Lone wolf feeds on cow carcasses near Baker City Airport

Published 9:00 am Thursday, March 16, 2023

BAKER CITY — A young, lone male wolf has been venturing into the eastern part of Baker Valley, near the airport, and feeding on the carcasses of two cows over the past several days.

Brian Ratliff worries that the wolf, which was born in the spring of 2022 in the Lookout Mountain area, might seek fresher meat when the carrion is no longer available.

“If we can nip this in the bud,” Ratliff, district wildlife biologist at the Oregon Department of Fish and Wildlife office in Baker City, said. “He hasn’t attacked any livestock, but my concern is that he will.”

The wolf, one of the last litter of pups born to the former Lookout Mountain Pack in southeastern Baker County, was trapped in January of this year and fitted with a GPS collar that allows biologists to monitor its movements.

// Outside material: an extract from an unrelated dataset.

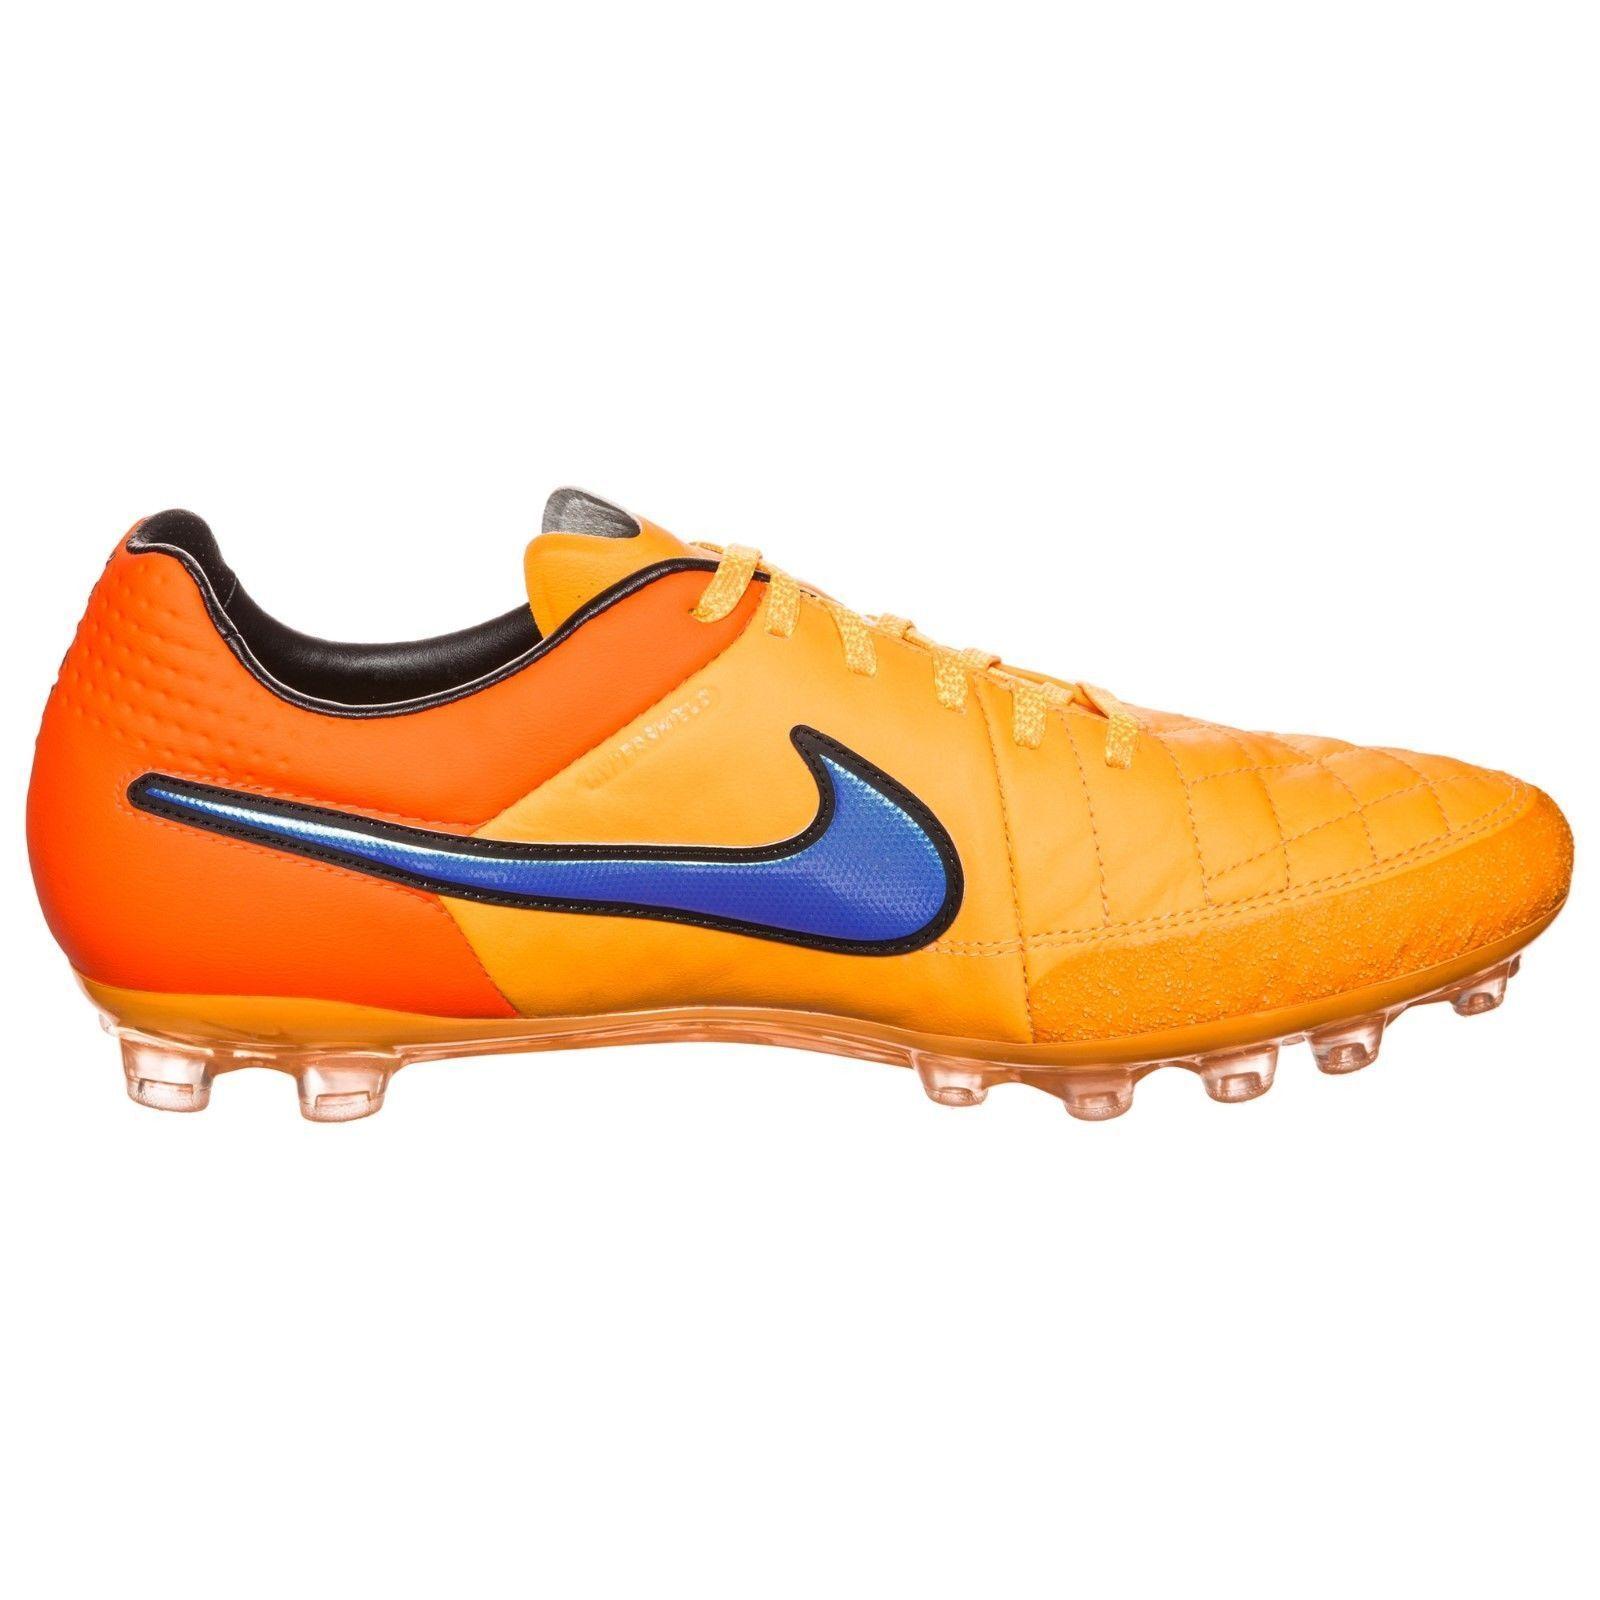 Nike Men's Tieto Legend  V AG -R Sz 6.5 (Wouomo 8) NUOVO 7717143 858 Laser arancia arancia  prezzi all'ingrosso

The Lookout Mountain Pack no longer exists, as both its breeding male and female are dead. The remnants of the pack are four pups born in spring 2022, and a wolf born the previous spring, Ratliff said.

Three of those pups, and the nearly 2-year-old wolf, all have tracking collars.

The wolf that has been feeding on carcasses in Baker Valley weighed about 75 pounds when it was trapped and collared. The wolf has black fur.

Ratliff said that when the wolf first came into Baker Valley on Thursday, March 9, he notified landowners whose properties the wolf crossed.

Initially it wasn’t clear why the wolf had moved into the valley, albeit only at night, according to GPS data, Ratliff said.

There haven’t been any reports of livestock being attacked.

But Ratliff said he learned, after talking to two property owners and comparing GPS data, that the wolf had been feeding on cow carcasses.

He said he has talked with the property owners, one of whom has a dead horse, and they are working to bury the carcasses.

Ratliff said wolves can smell carcasses from more than a mile away, and unburied cattle have attracted wolves in other parts of the county in past years.

He said he hazed the lone wolf twice while on helicopter flights to count deer over the past few days.

But the wolf has continued to return to the carcasses at night.

“He does not want to leave,” Ratliff said. “It’s not a good spot (for a wolf).”

Ratliff said the wolf has moved through pastures with cows and newborn calves, and also passed a sheep pen with baby lambs, but apparently the wolf was intent on feeding on the carcasses.

Ideally, when the carcasses are buried, the wolf will move elsewhere, Ratliff said, but with calves and lambs in the valley, he’s concerned the wolf will instead start preying on livestock.

Prior to coming to Baker Valley, the wolf had “been all over the place,” Ratliff said, including north of Halfway.

Ratliff said he’s optimistic about a project to create a carcass composting operation at Baker Sanitary Service’s landfill that would help ranchers dispose of dead animals.

That composting service could start late this year, he said.